▶ DATA BLOCK:
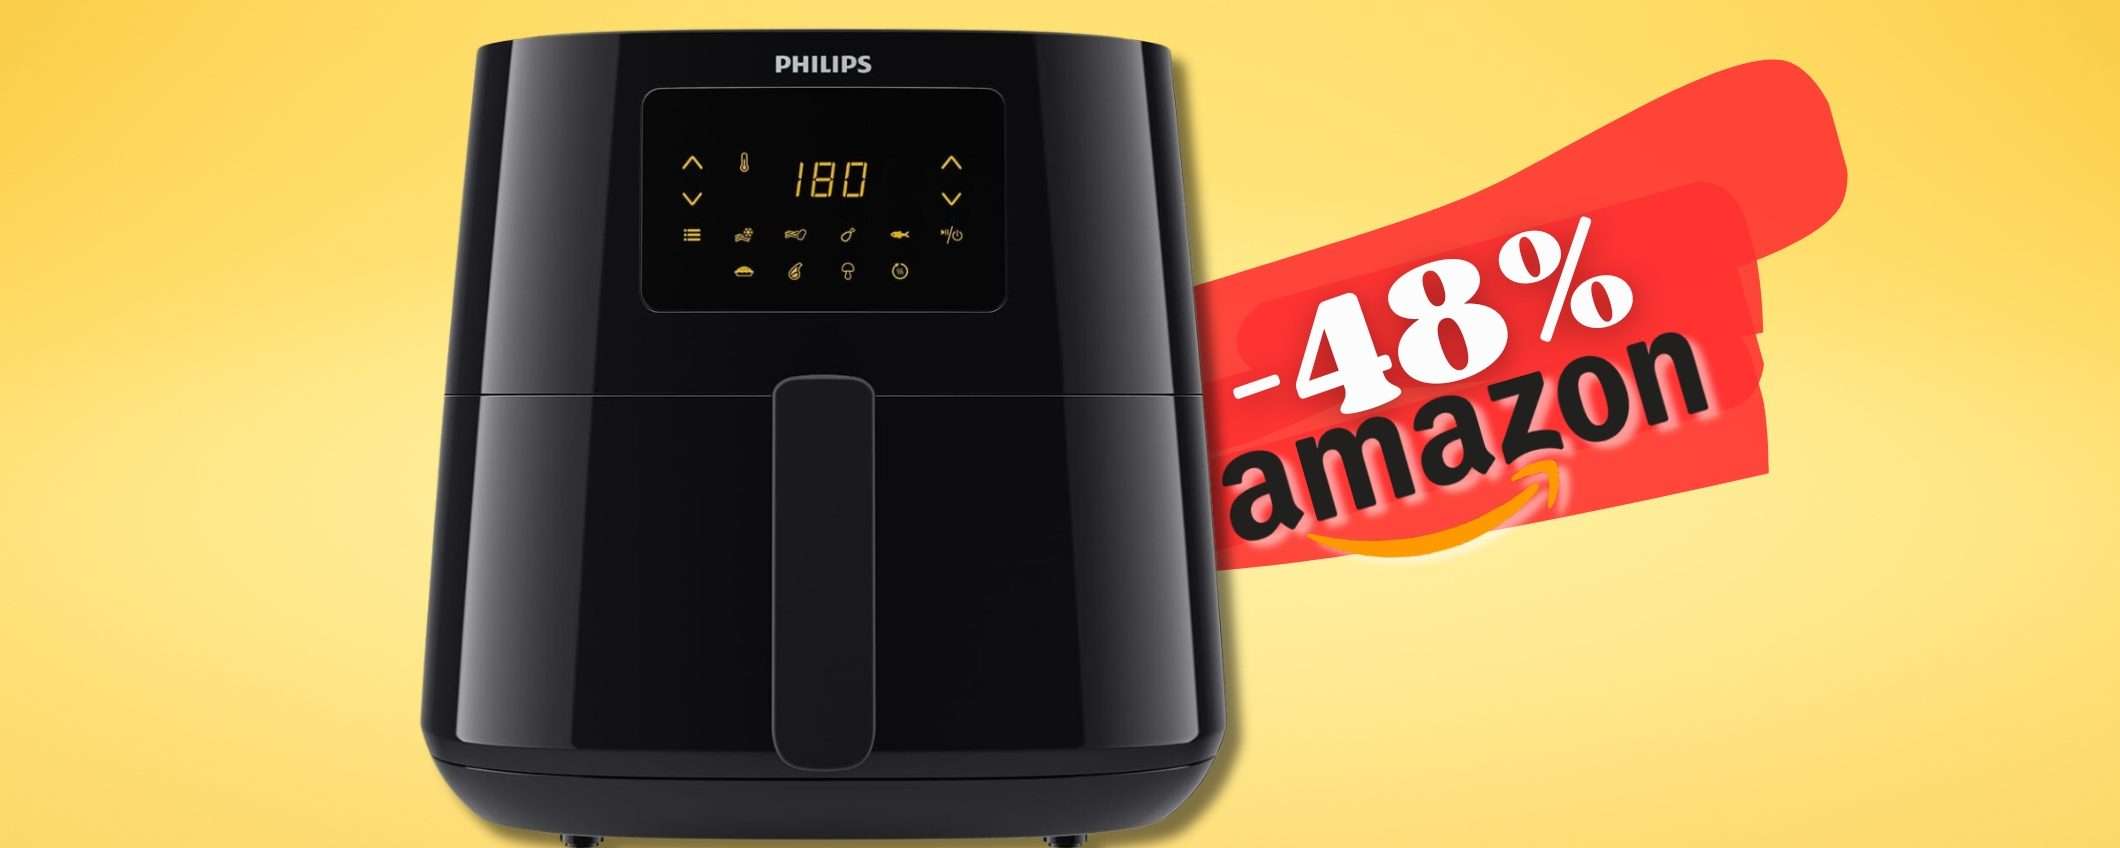 Philips Airfryer XL Essential, la REGINA in sconto su Amazon al 48%
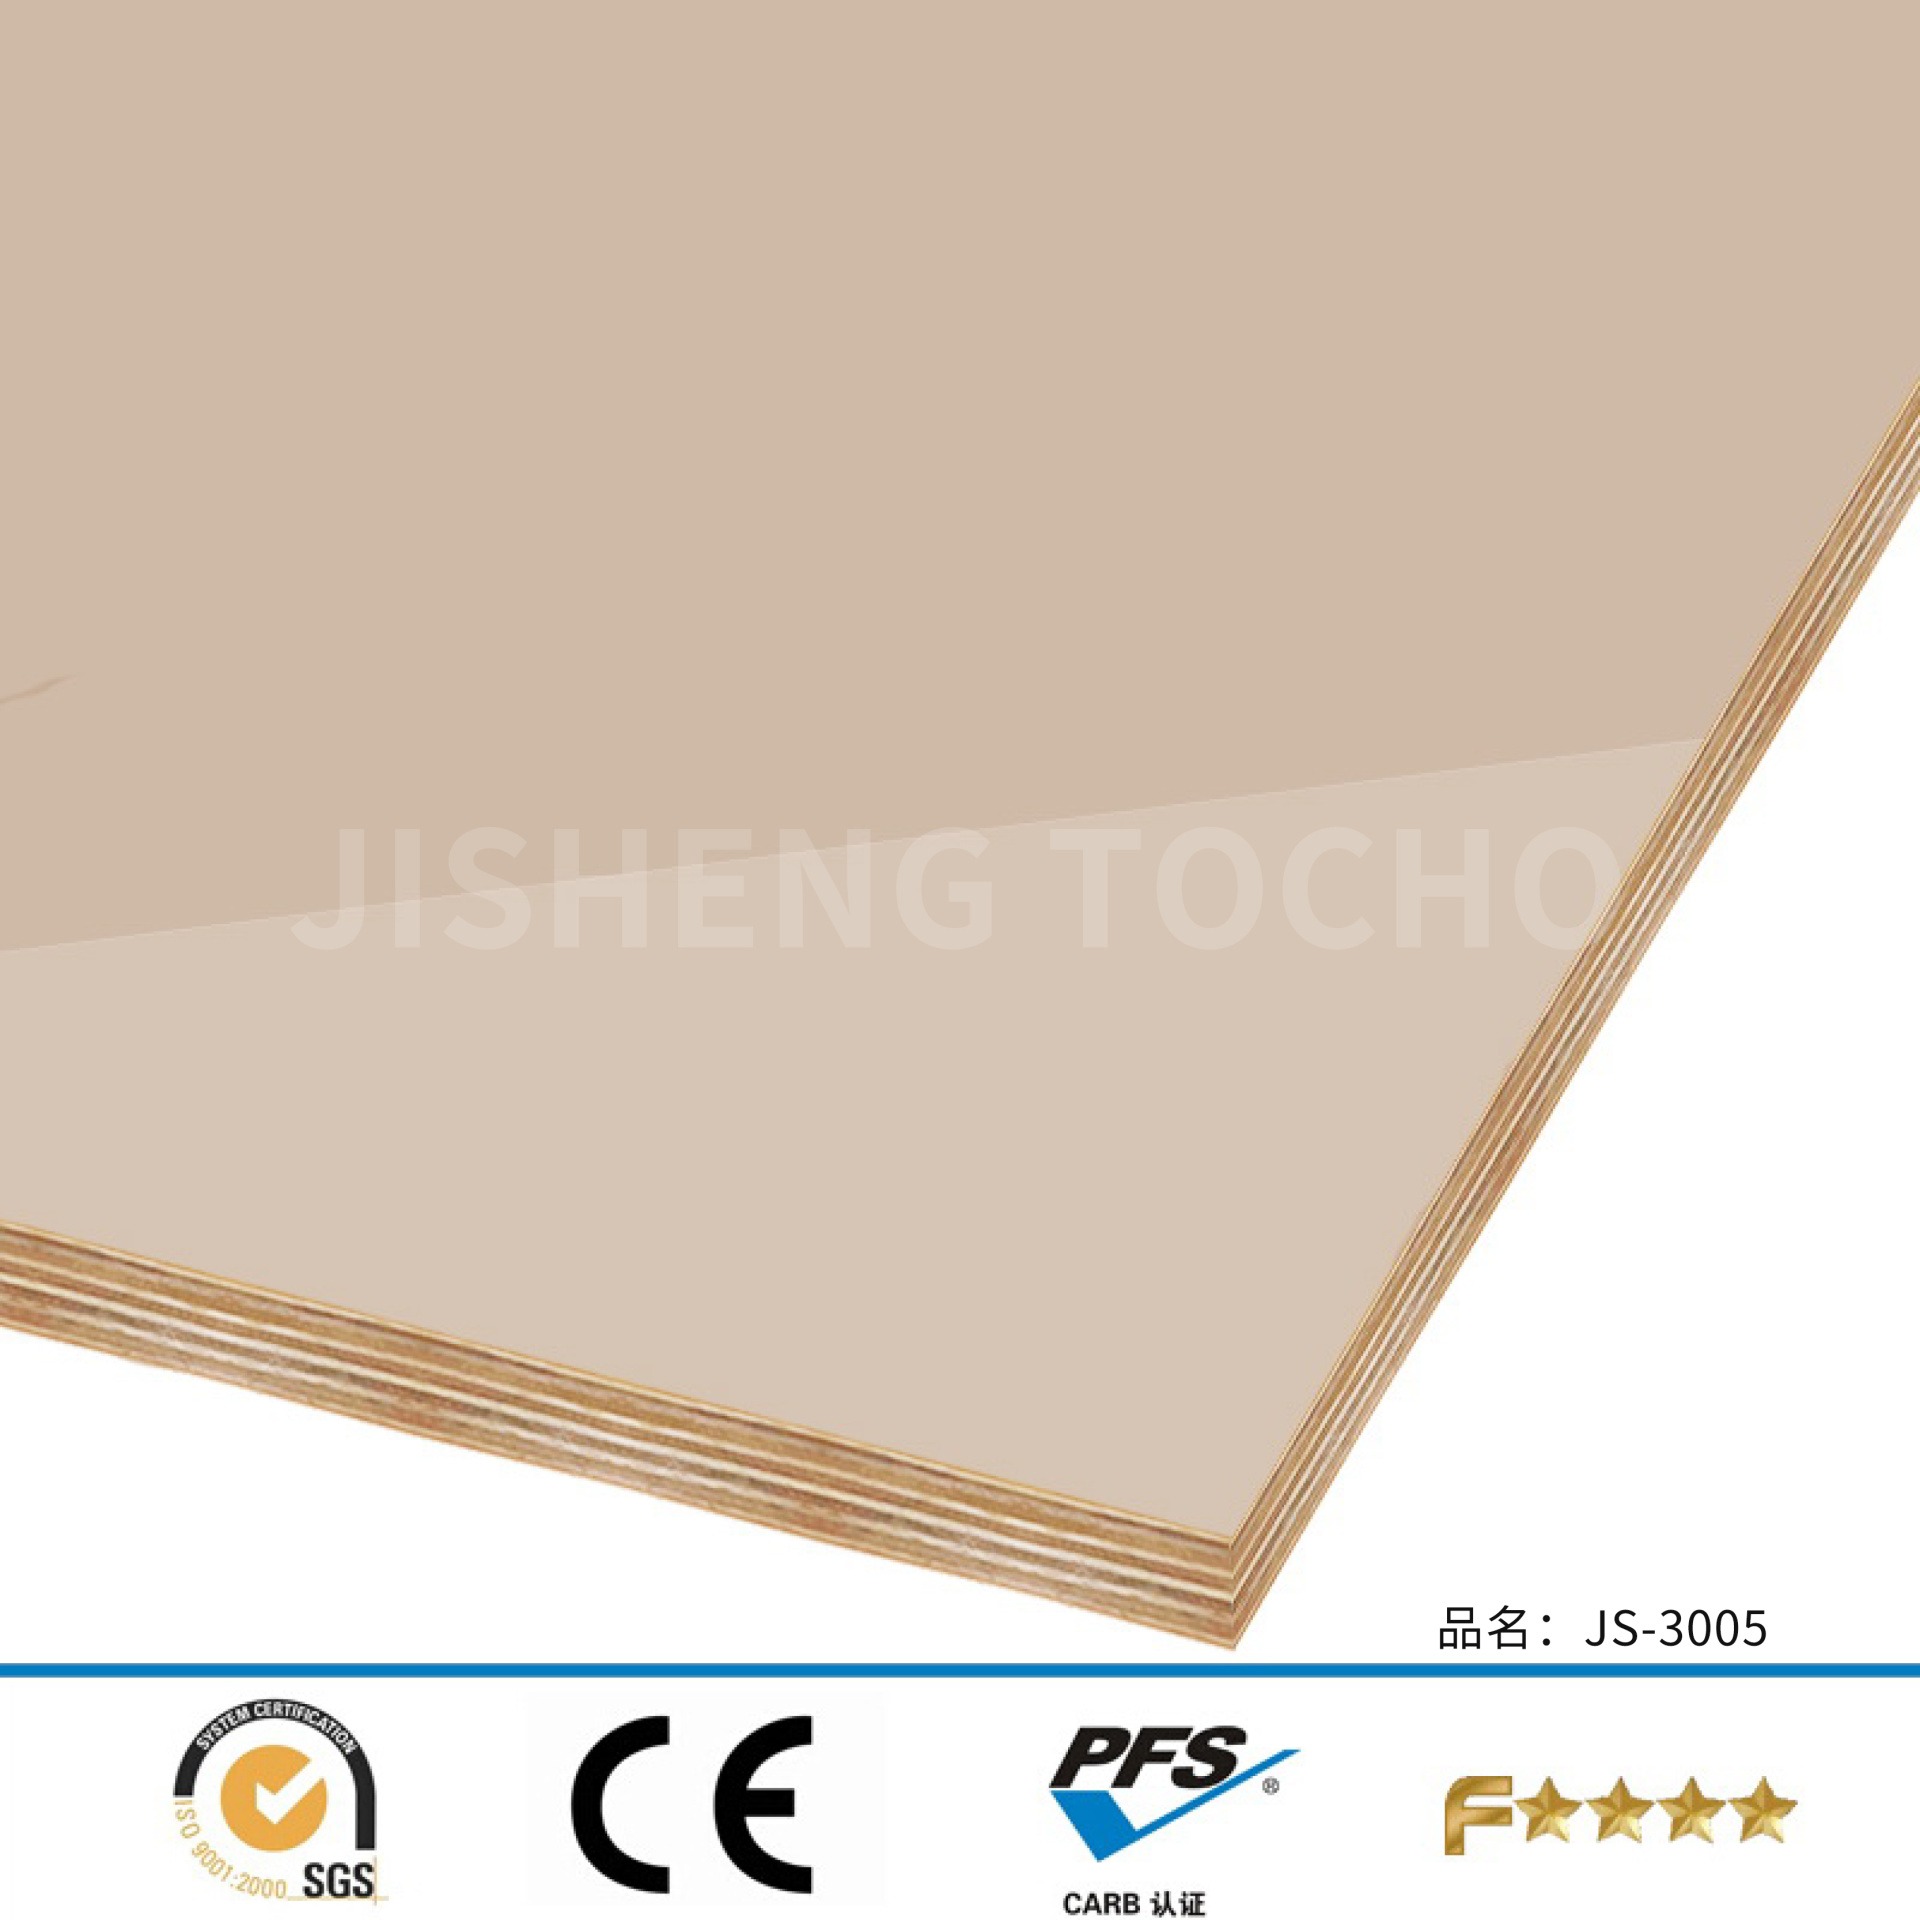 F4星环保门板 定制UV高光胶合板 滑面门板 耐污饰面板 家具装修板 源头价格材料图片
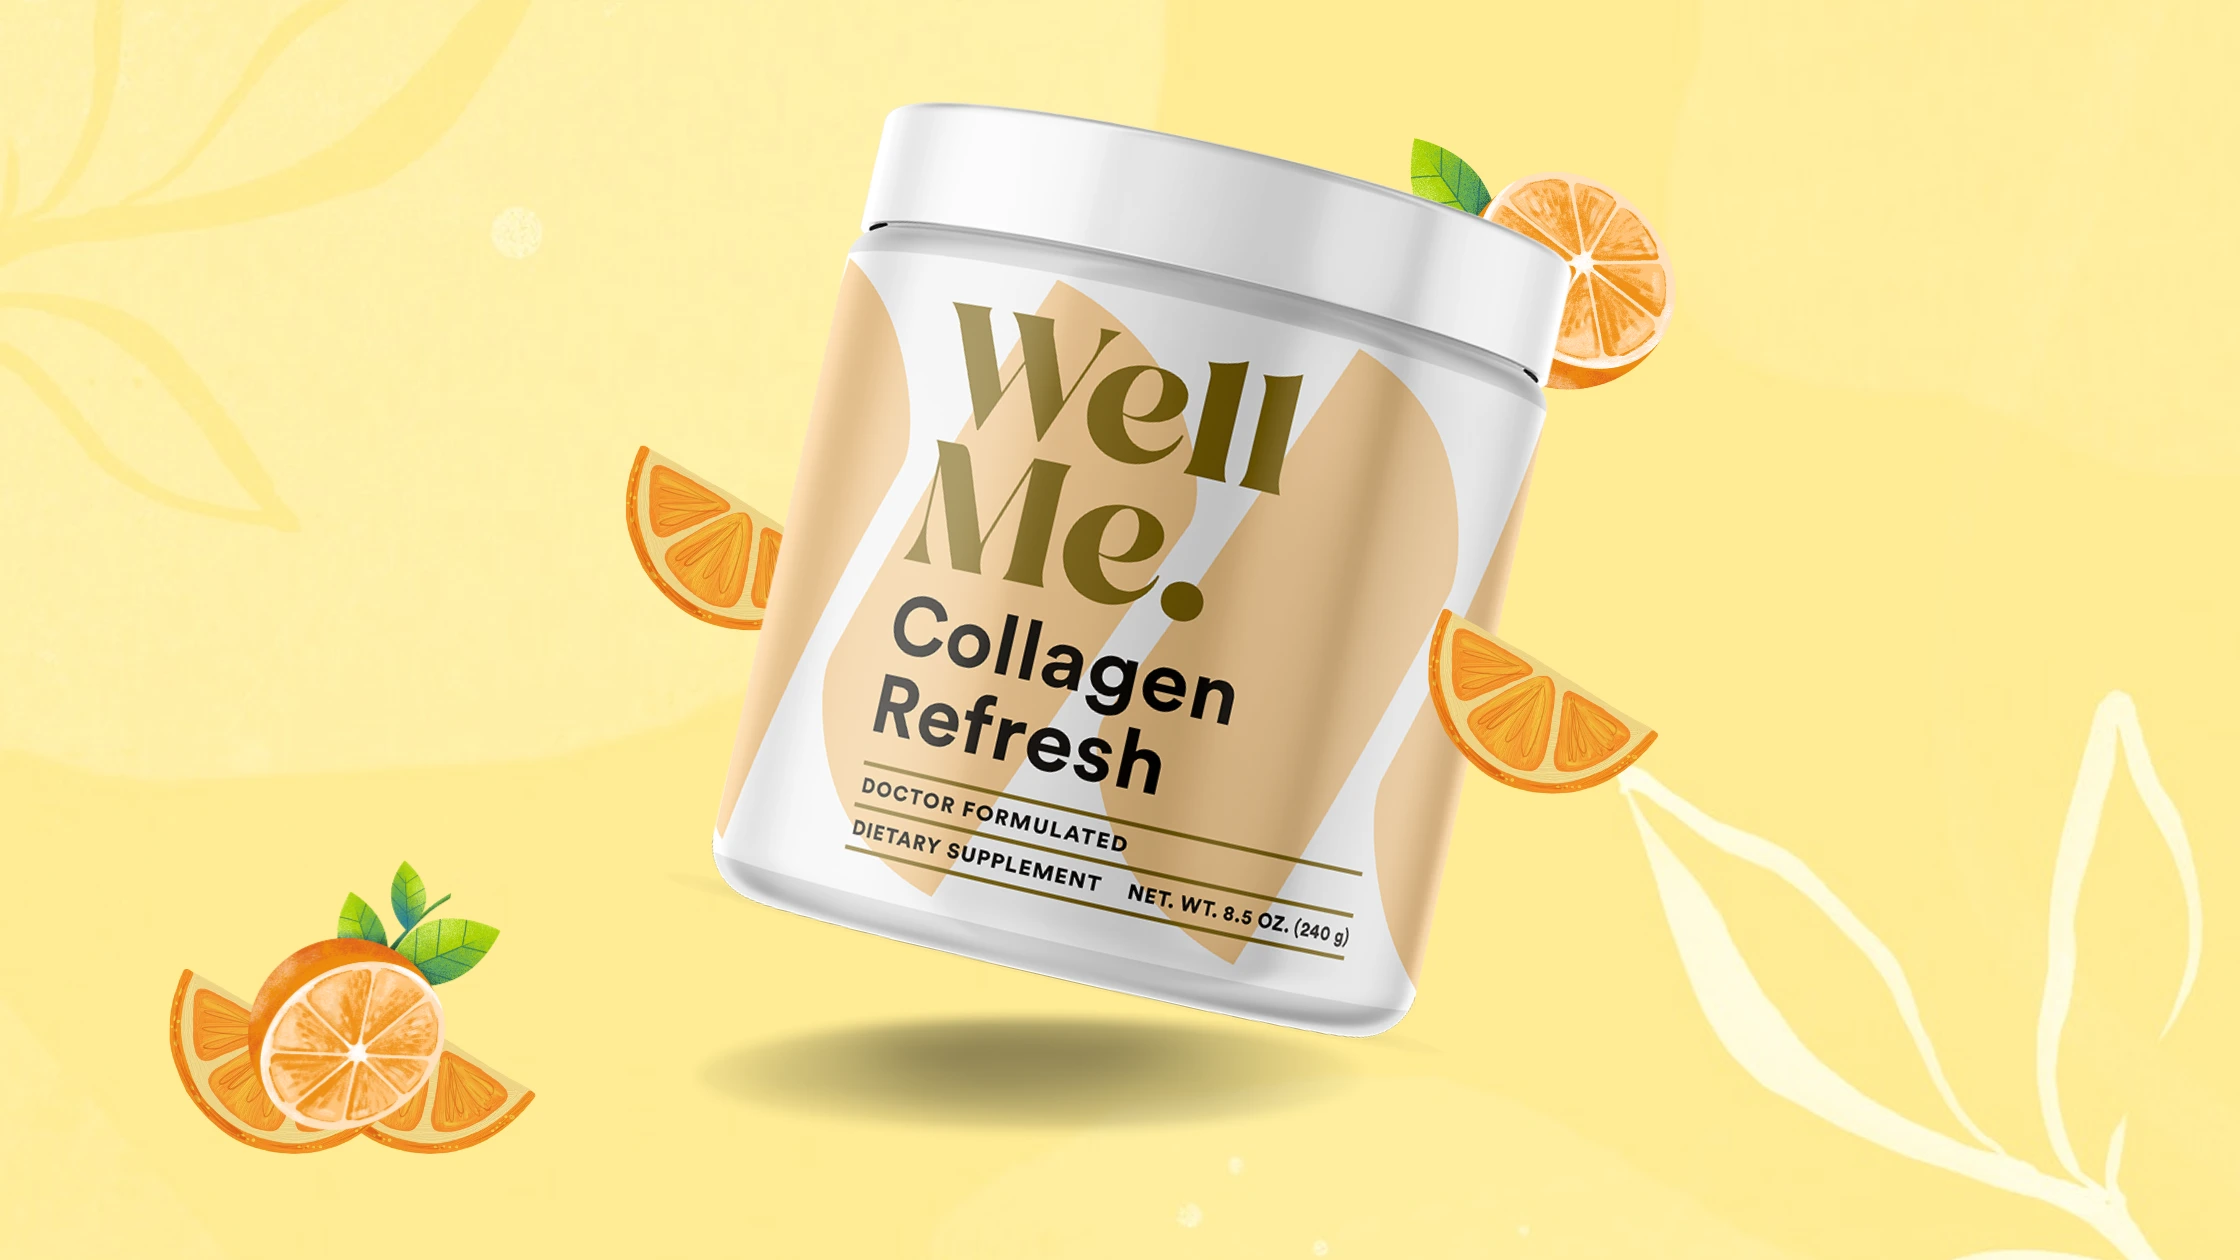 WellMe Collagen Refresh Reviews

▶ EXERCISE PROMPT: Word for word, reproduce all of the data, but keep out the pictures.

▶ RESULT BELOW:
 Philips Airfryer XL Essential, la REGINA in sconto su Amazon al 48%
 F4星环保门板 定制UV高光胶合板 滑面门板 耐污饰面板 家具装修板 源头价格材料图片
 WellMe Collagen Refresh Reviews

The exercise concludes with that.